Given entries →
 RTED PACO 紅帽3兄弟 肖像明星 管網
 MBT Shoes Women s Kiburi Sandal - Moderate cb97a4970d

---

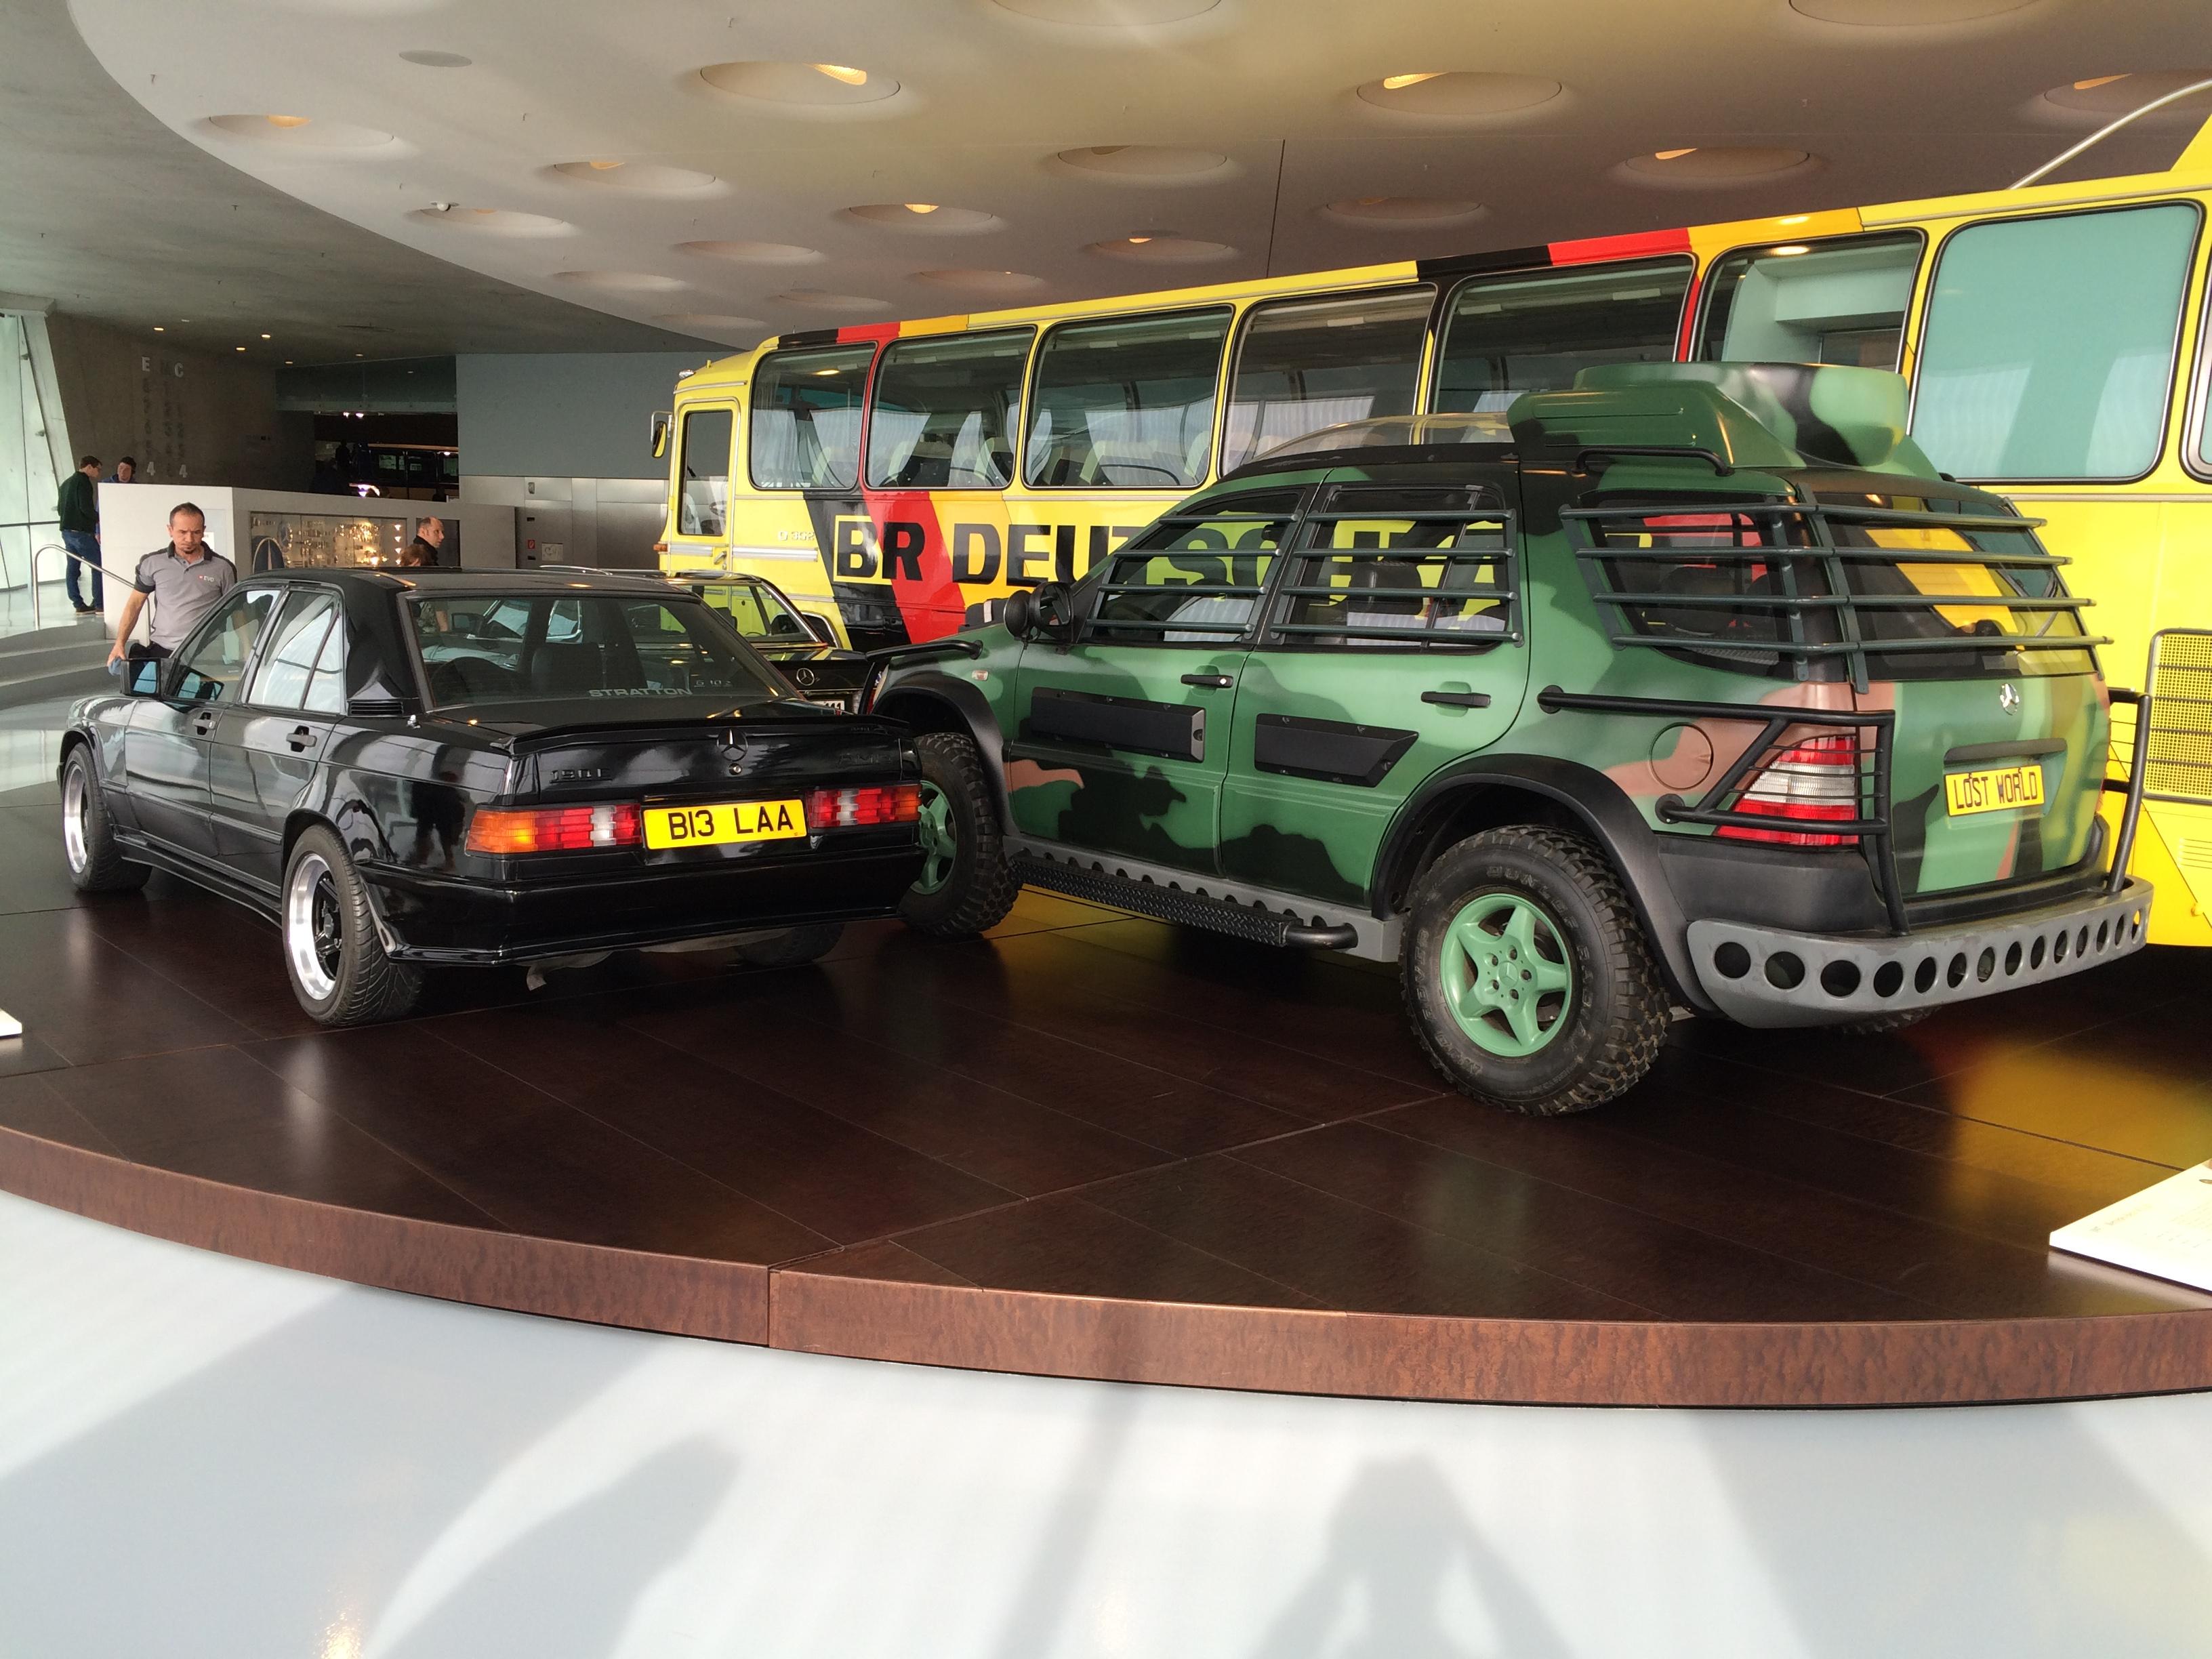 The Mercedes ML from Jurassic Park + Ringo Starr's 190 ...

Problem description →
From the line holding "RTED PACO 紅帽3兄弟 肖像明星 管網" to the line holding "MBT Shoes Women", inclusive, restate each line above exactly as written.

Task solution →
 RTED PACO 紅帽3兄弟 肖像明星 管網
 MBT Shoes Women s Kiburi Sandal - Moderate cb97a4970d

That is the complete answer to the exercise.